Spanish Painter and Printmaker

Movements and Styles: Surrealism, Biomorphism, Color Field Painting

Born: April 20, 1893 - Barcelona, Spain

Died: December 25, 1983 - Palma de Mallorca, Spain

Joan Miró Timeline

"The joy of achieving in a landscape a perfect comprehension of a blade of grass.. as beautiful as a tree or a mountain.. What most of all interests me is the calligraphy of the tiles on a roof or that of a tree scanned leaf by leaf, branch by branch."

Joan Miró Signature

Summary of Joan Miró

Persistent experimentation and a lifelong flirtation with non-objectivity stamped Joan Miró's magnificent mark on the art world. His canvas represented a sandbox for his subconscious mind, out from which sprang a vigorous lust for the childlike and a manifestation of his Catalan pride. His signature pictorial signs, biomorphic forms, geometric shapes, and abstracted and semi-abstracted objects helped inform a relentlessly original oeuvre in multiple media from ceramics and engravings to large bronze installations. His radically, inventive style was a critical contributor to the early-20th-century avant-garde's journey toward increasing and then complete abstraction. Although Miró has been associated with early Surrealism and has had an influence on Abstract Expressionists and Color Field painters, he remains one of modern art's greatest mavericks with a visual vocabulary unmistakably his own.

Key Ideas

Via his own Surrealism-inspired exploration, Miró invented a new kind of pictorial space in which carefully rendered objects issuing strictly from the artist's imagination became juxtaposed with basic, recognizable forms. His use of interior emotion to drive abstract expression would become a great influence on the Abstract Expressionists.
Even though he pared his forms to abstract schematics or pictorial signs and gestures Miró's art never settled into complete non-objectivity. Rather, he devoted his career to exploring various means by which to dismantle traditional precepts of representation.
Miró balanced the kind of spontaneity and automatism encouraged by the Surrealists with meticulous planning and rendering to achieve finished works that, because of their precision, seemed plausibly representational despite their considerable level of abstraction.
Miró often worked with a limited palette, yet the colors he used were bold and expressive. His chromatic explorations, which emphasized the potential of fields of unblended color to respond to one another, as well as his flat backgrounds with mild gradations of color, were valuable resources, providing inspiration for Color Field painters such as Helen Frankenthaler.
Miró was a modern renegade who refused to limit himself to visual exploration in a single medium. While he explored certain themes such as that of Mother and Child repeatedly throughout his long career, he did so in a variety of media from painting and printmaking to sculpture and ceramics, often achieving surprising and disparate results.
Joan Miró in his Barcelona studio (1955)
Joan Miró in his Barcelona studio (1955)

Though he lived a quiet life, rooted in Spain, Miró's was fiercely independent, at a 1978 exhibition he exclaimed, "I painted these paintings in a frenzy, with real violence so that people will know that I am alive, that I'm breathing, that I still have a few more places to go. I'm heading in new directions." He was 85.
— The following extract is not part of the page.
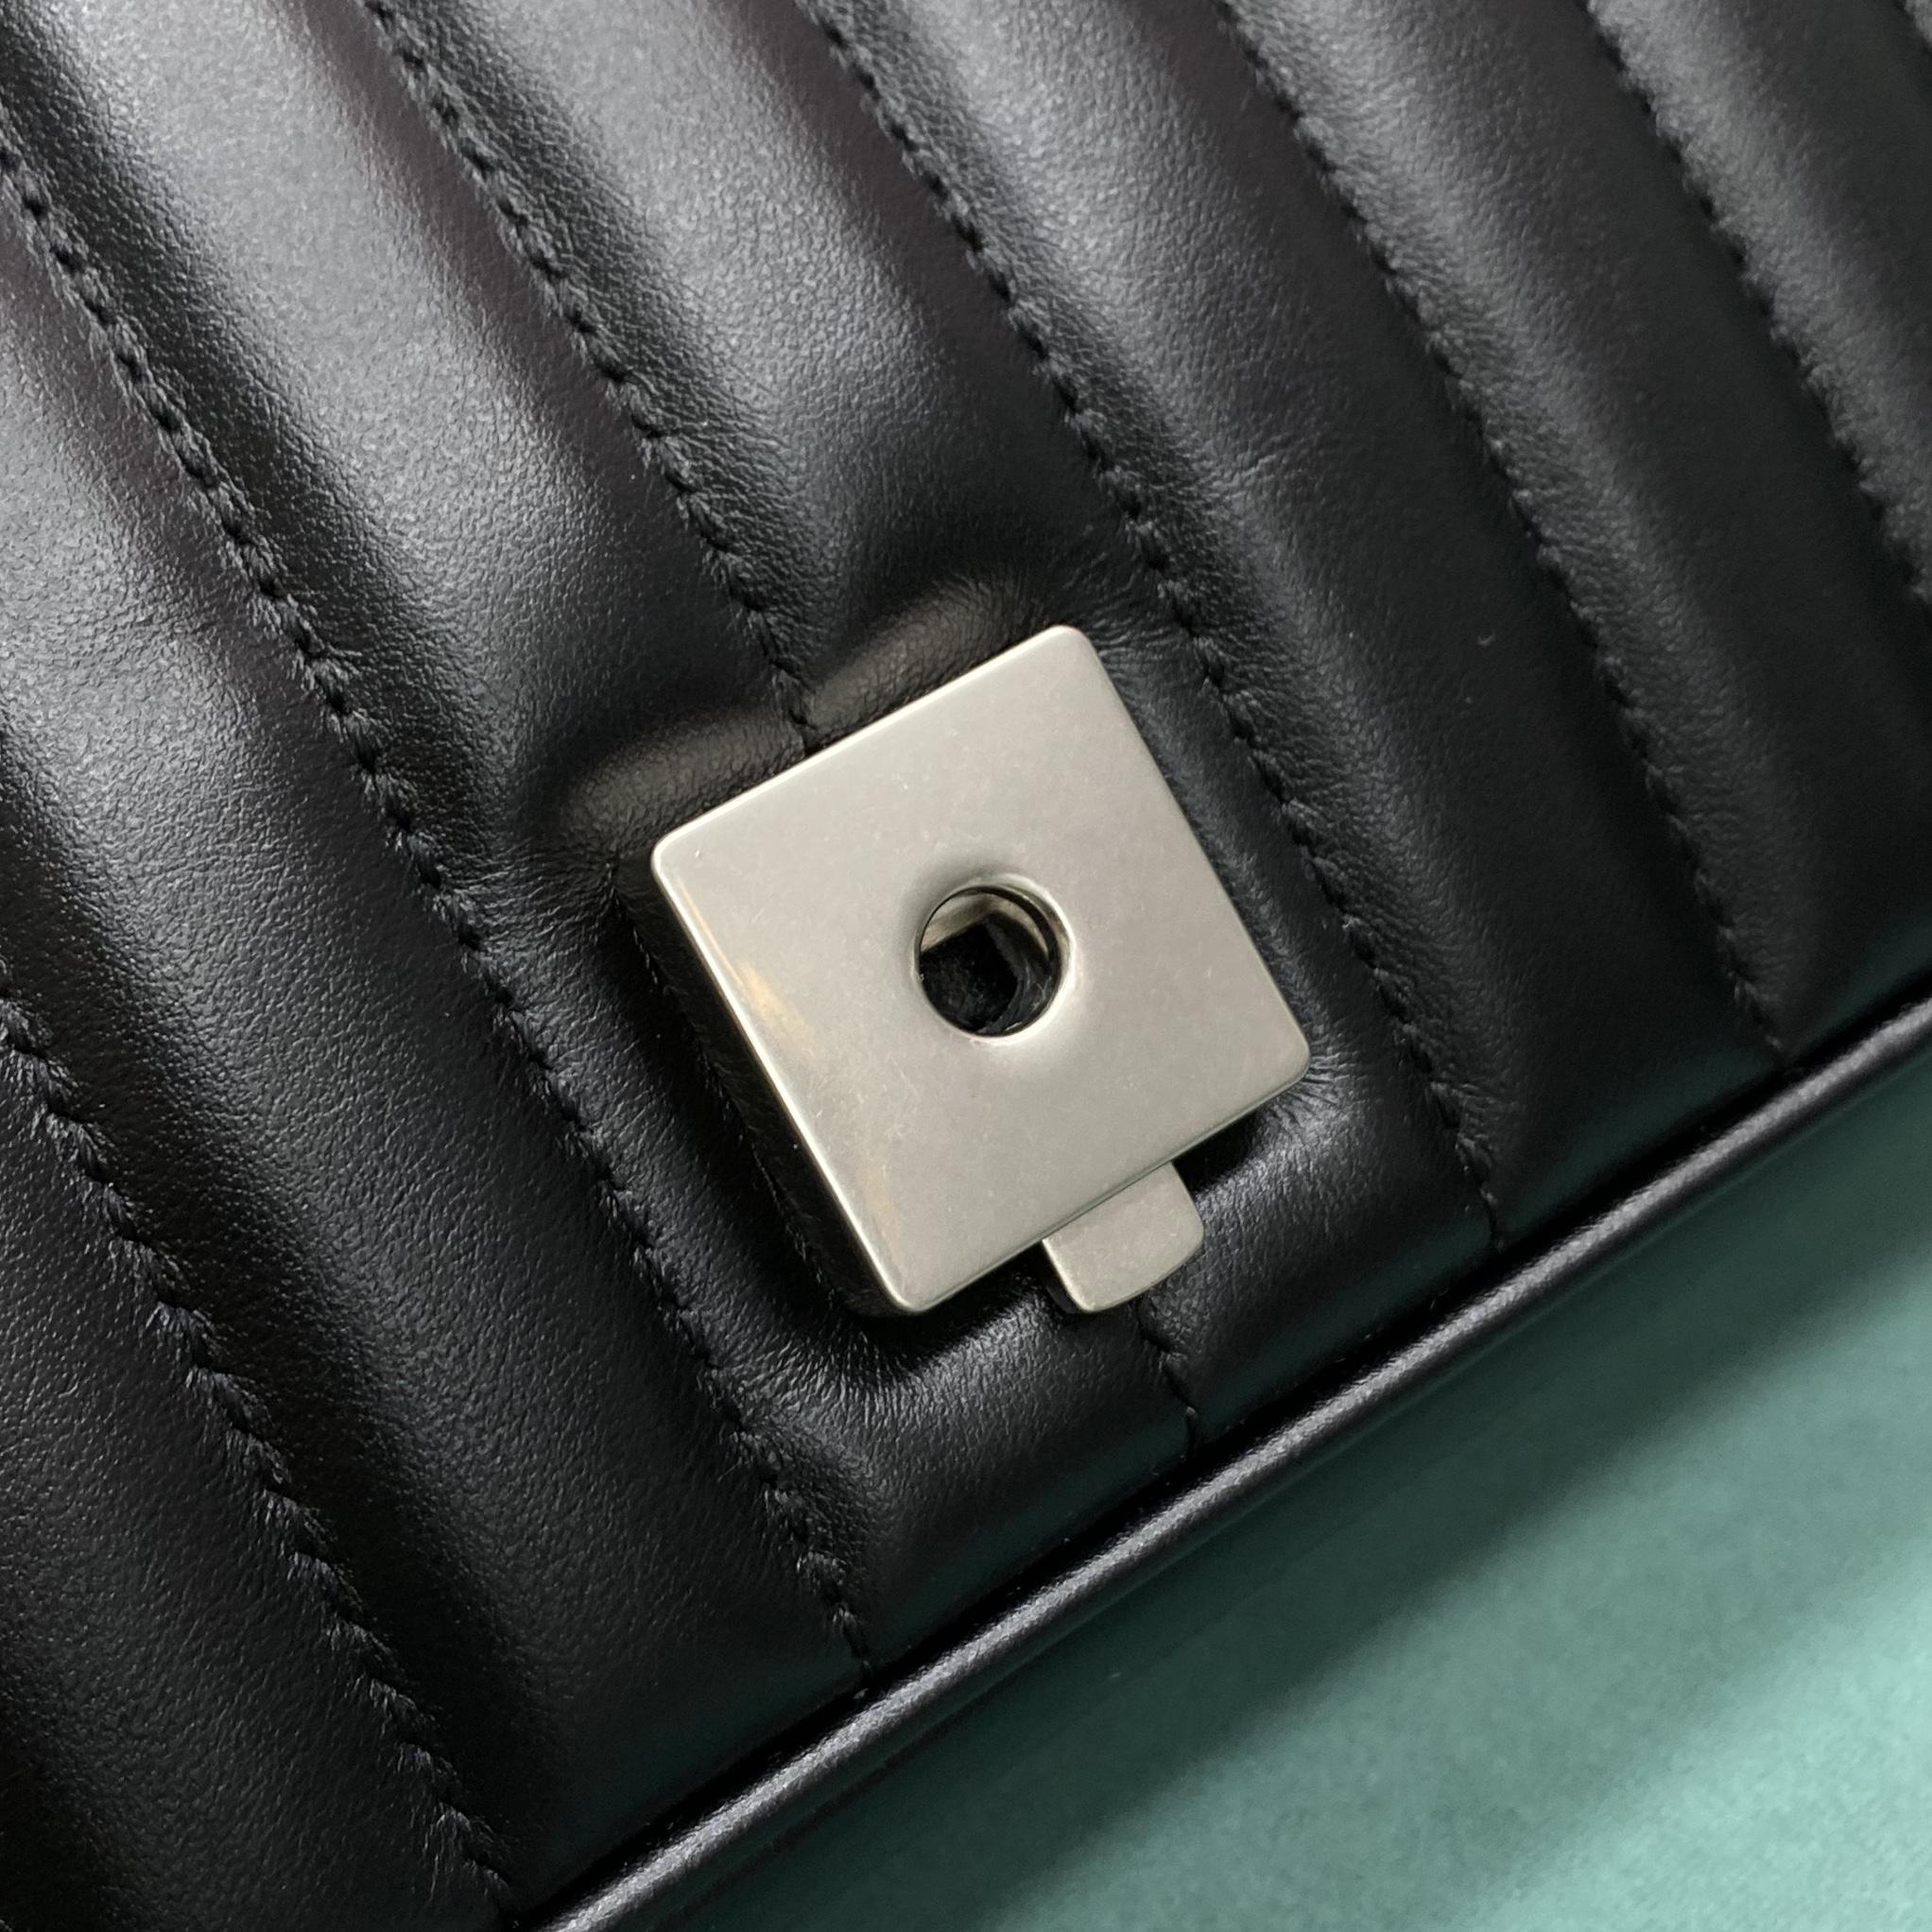 【P1250】古奇新格系列女包 Gucci Marmont几何风格绗缝链条单肩包22CM

Important Art by Joan Miró Important Art and Analysis

The below artworks are the most important by Joan Miró - that both overview the major creative periods, and highlight the greatest achievements by the artist.

The Farm (1920-21)
Artwork Images Google images

The Farm (1920-21)

Artwork description & Analysis: A dramatically tilted picture plane presents a view of the artist's masia or "family farm," thronging with animals, farm implements, plants, and evidence of human activity. Miró explained, "The Farm was a résumé of my entire life in the country. I wanted to put everything I loved about the country into that canvas - from a huge tree to a tiny snail." The intensity of vision and almost maniacal attention to detail gives the work the quality of an eidetic memory, reconfigured in a dream, and prefigures his later Surrealist work.

As art critic Laura Cummings wrote, "every entity is given its own autonomous space in the picture, separately praised but connected by rhyming shapes," due to the "quasi-cubist space, tilted upright; and presumably because Miró is celebrating the thriving upward growth of home."

The work illustrates important innovations signature to the artist as it includes various abstracted elements, like the black circle where the eucalyptus tree rises in the center, symbols like the two ladders, one with a goat standing on top, and the other with a rooster. Furthermore, as Cummings notes, in "his new way of painting... objects have a double life as letters - the E of a crate, the A of a ladder, the O of wheel, pail and sun - and everything is simultaneously inside the scene and written on its surface. The Farm is both picture and poem."

The artist considered this work among his most important, marking a turning point. While reflecting a number of influences, including Catalan folk art, a Romanesque sense of hierarchy where scale reflects importance, and a Cubist vocabulary, the work resisted settling into a style, exemplifying the artist's restless and iconoclastic approach.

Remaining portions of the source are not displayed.